REQUIRED ACTION: Output the listing word for word, minus images.

MATERIAL PROVIDED:
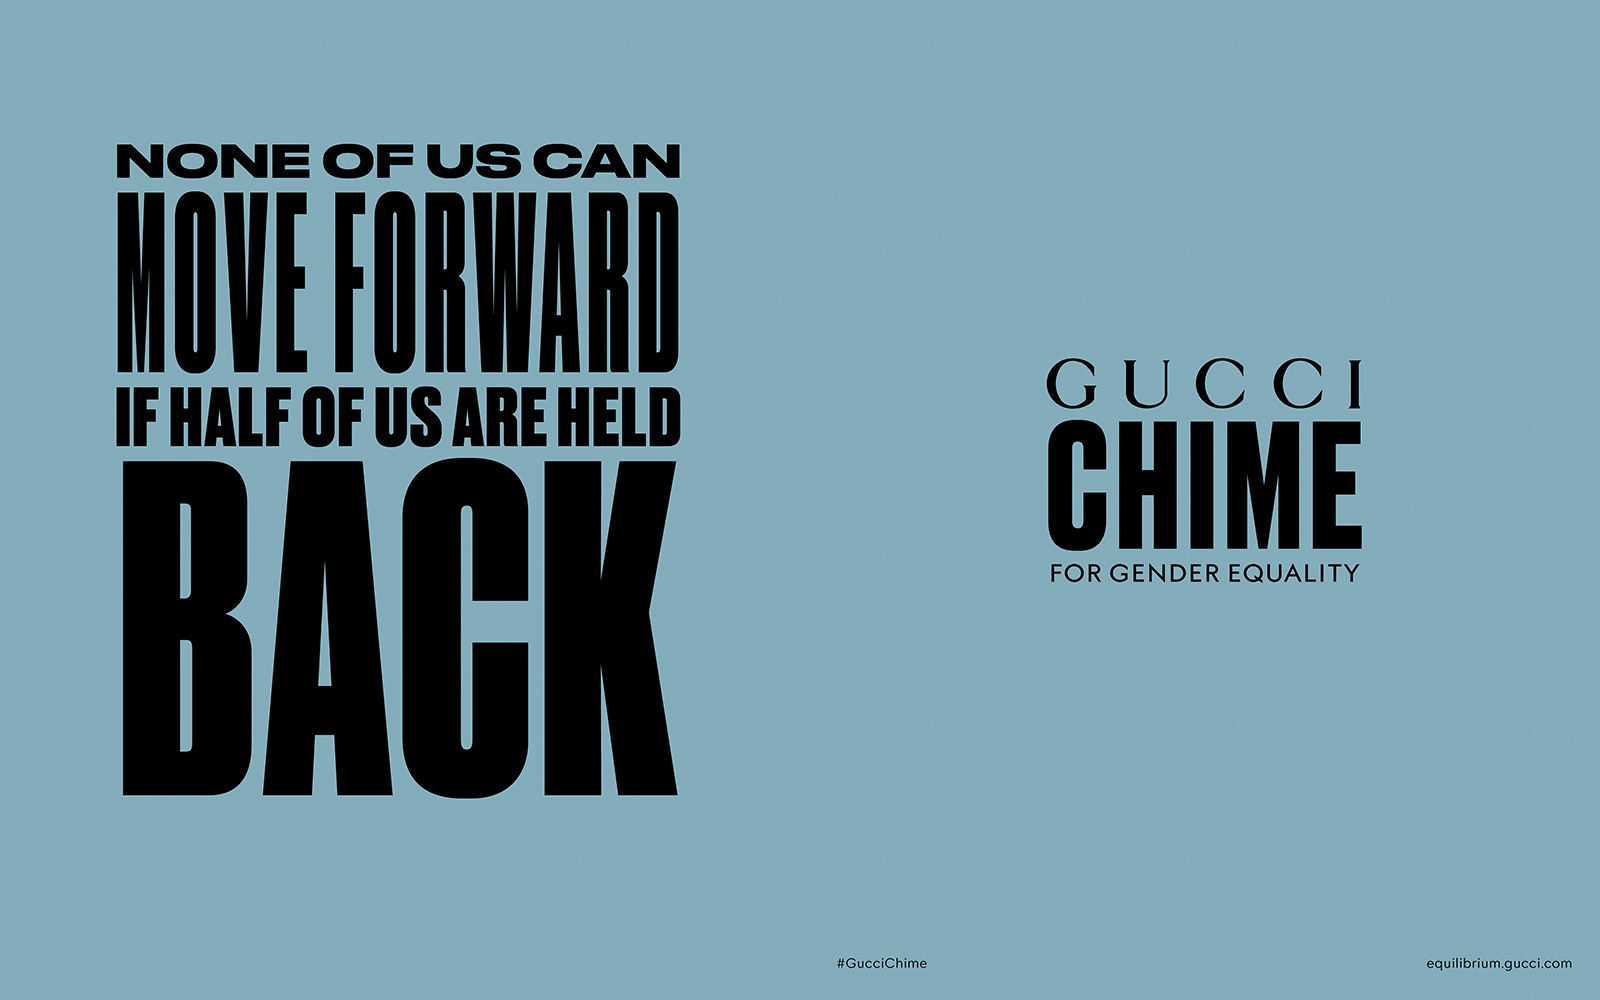 Gucci CHIME
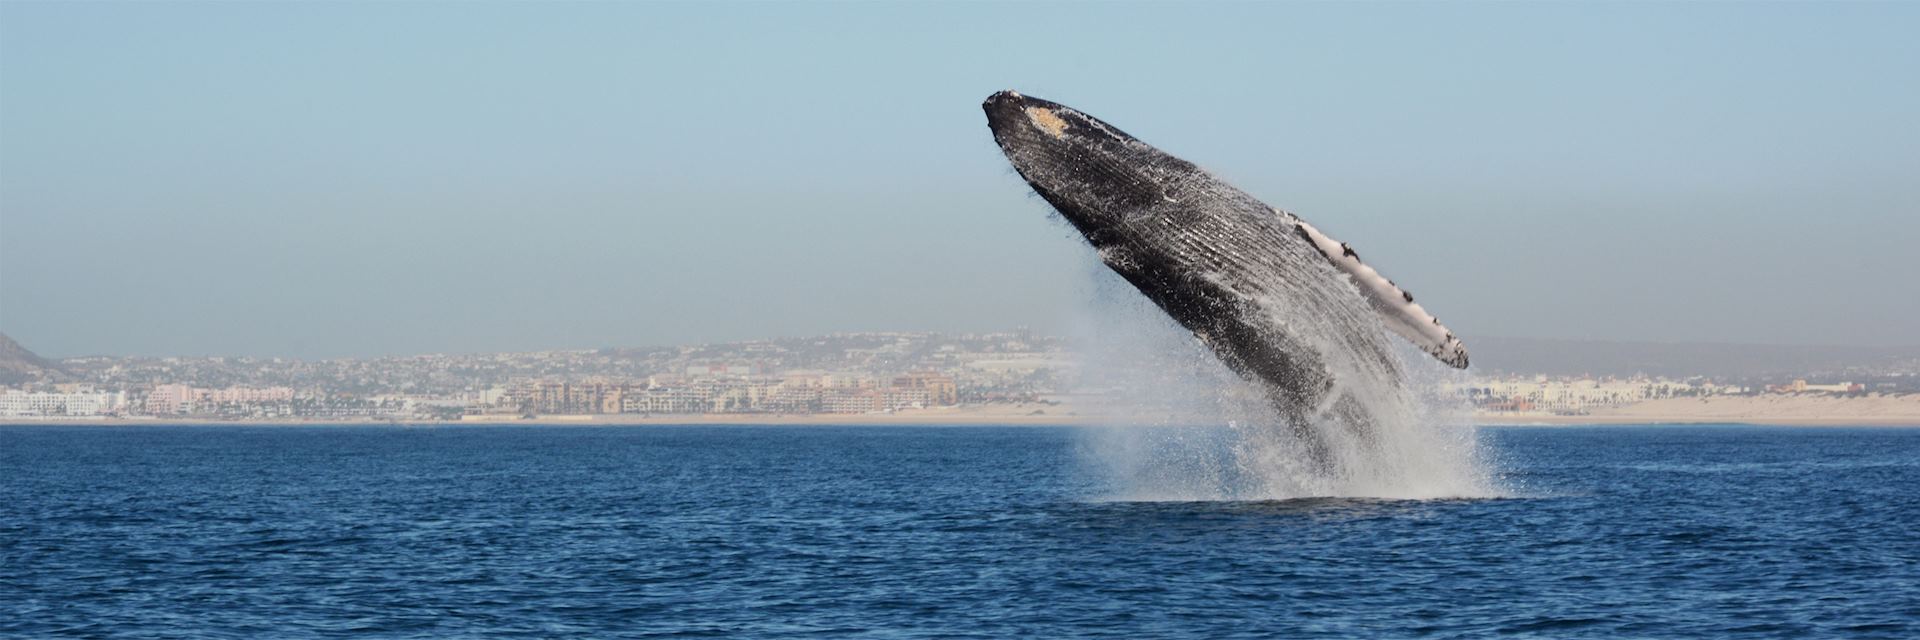 Whale breaching, Baja California, Mexico
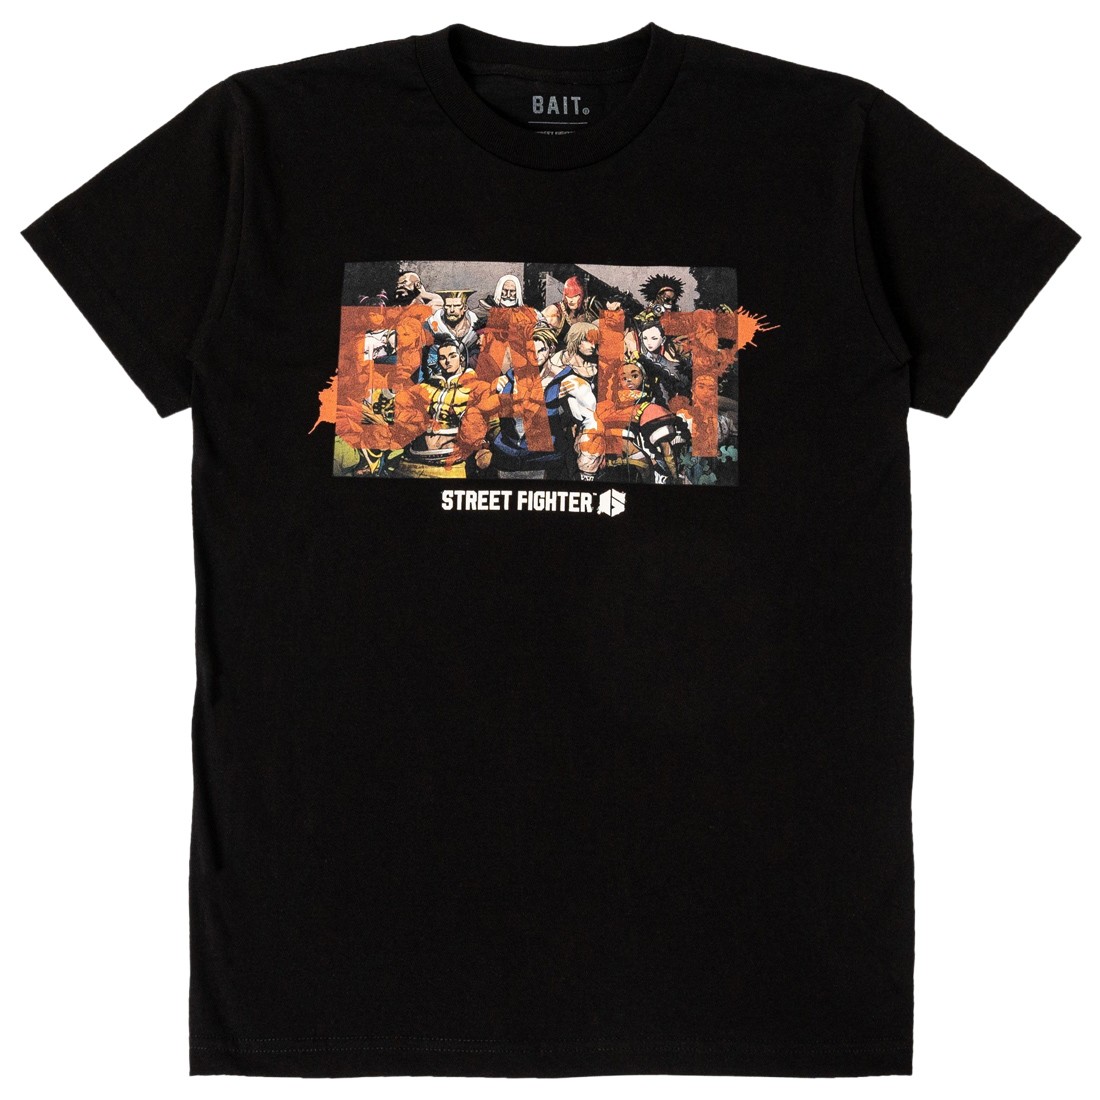 BAIT - Shop the new BAIT x Street Fighter apparel

OUTPUT OF THE TASK:
 Gucci CHIME
 Whale breaching, Baja California, Mexico
 BAIT - Shop the new BAIT x Street Fighter apparel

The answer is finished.